Anariel schrieb am 2010-01-30 00:58:21:
Hallo Jeiy,

freut mich, dass es dir gefällt.
Nun, die Idee, dass ich diese beiden Geschichten verknüpfen könnte kam mir, während ich "Gefallen???" überarbeitete. Da ich hier jedoch eine weiblichen Lichtträger habe, musste ich mir etwas einfallen lassen. Und ganz ehrlich, nach all dem, was ich ihm in Schattenmacht antue, da hat er es durchaus verdient nun Frieden zu finden.

Auf jeden Fall kam ich so auf die Idee, dass die Lichtträgerin in dieser Geschichte SEINE Tochter sein könnte.Also ist dein Lieblingscharakter nicht so wirklich ganz weg, zudem soll es in dieser Geschichte immer wieder so eine Art Rückschau geben.
Tja und nu fehlt mir nur noch ein passender Name für meine Lichtträgerin...hast du ne Idee??

Liebe Grüße
Anariel
Jeiy schrieb am 2010-01-29 10:46:51:
Hallo Anariel!
Na das freut mich aber, dass du beschlossenen hast dich doch noch mehr mit dieser Geschichte zu befassen! Und du hast Recht, es sind deutliche Parallelen zu deiner Schattenmacht zu erkennen, was ich aber überaus interessant finde!

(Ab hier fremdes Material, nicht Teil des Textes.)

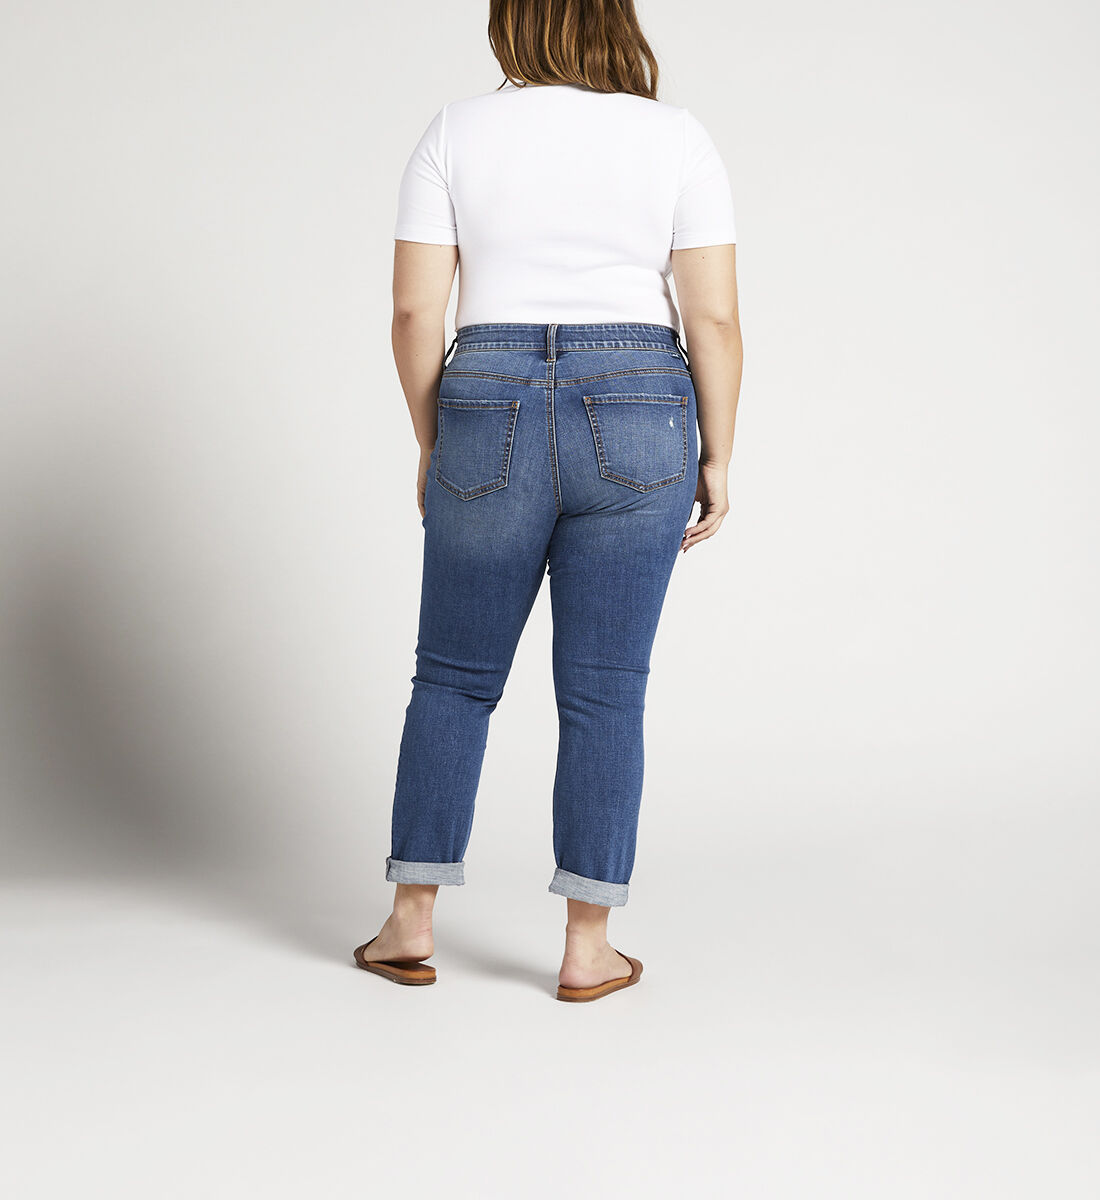 Carter Mid Rise Girlfriend Jeans Plus Size Back

Aber dass du meinen Lieblingscharakter einfach so sterben lässt, und dann auch noch sofort im Prolog! Nein nein, das geht doch nicht! ^^ Auf der anderen Seite sei es ihm vergönnt. Er hat schließlich schon so viel durchmachen müssen, vor allem auch in deiner Geschichte ^^ Jetzt kann er endlich Ruhe und Frieden finden, das finde ich schön.

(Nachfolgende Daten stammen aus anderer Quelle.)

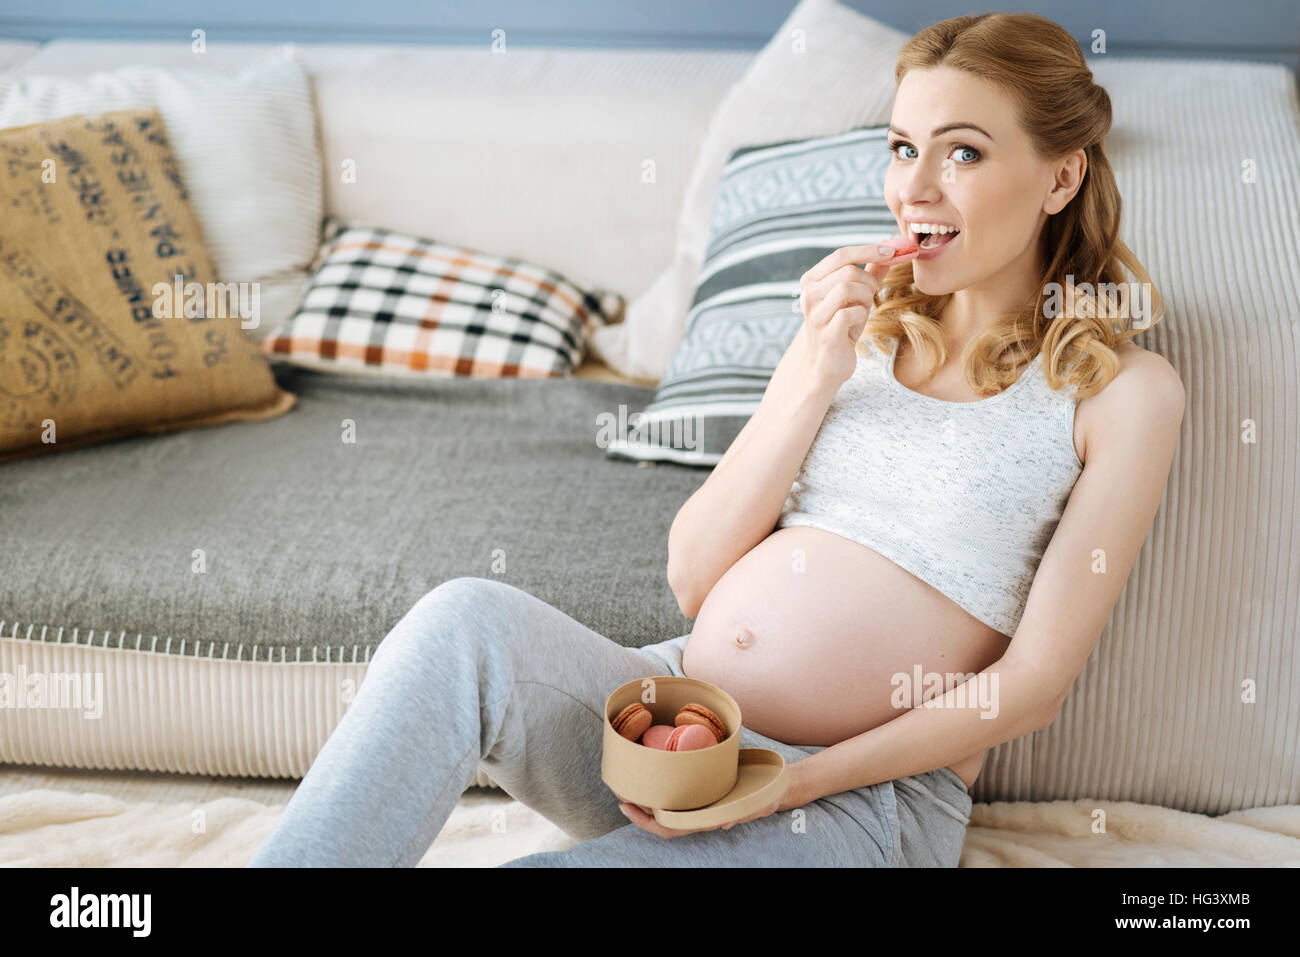 Pregnant joyful woman eating macaroons Stock Photo

Nebenbei, ich kann mir sehr gut vorstellen, wen du mit IHR meinst - besonders im Bezug zu Schattenmacht natürlich und ich finde es wirklich gut, wie du all deine Charaktere auch hier wieder miteinbeziehst. Ich hoffe, du schreibst weiter! Denn auf deine Geschichte freue ich mich hier immer am meisten!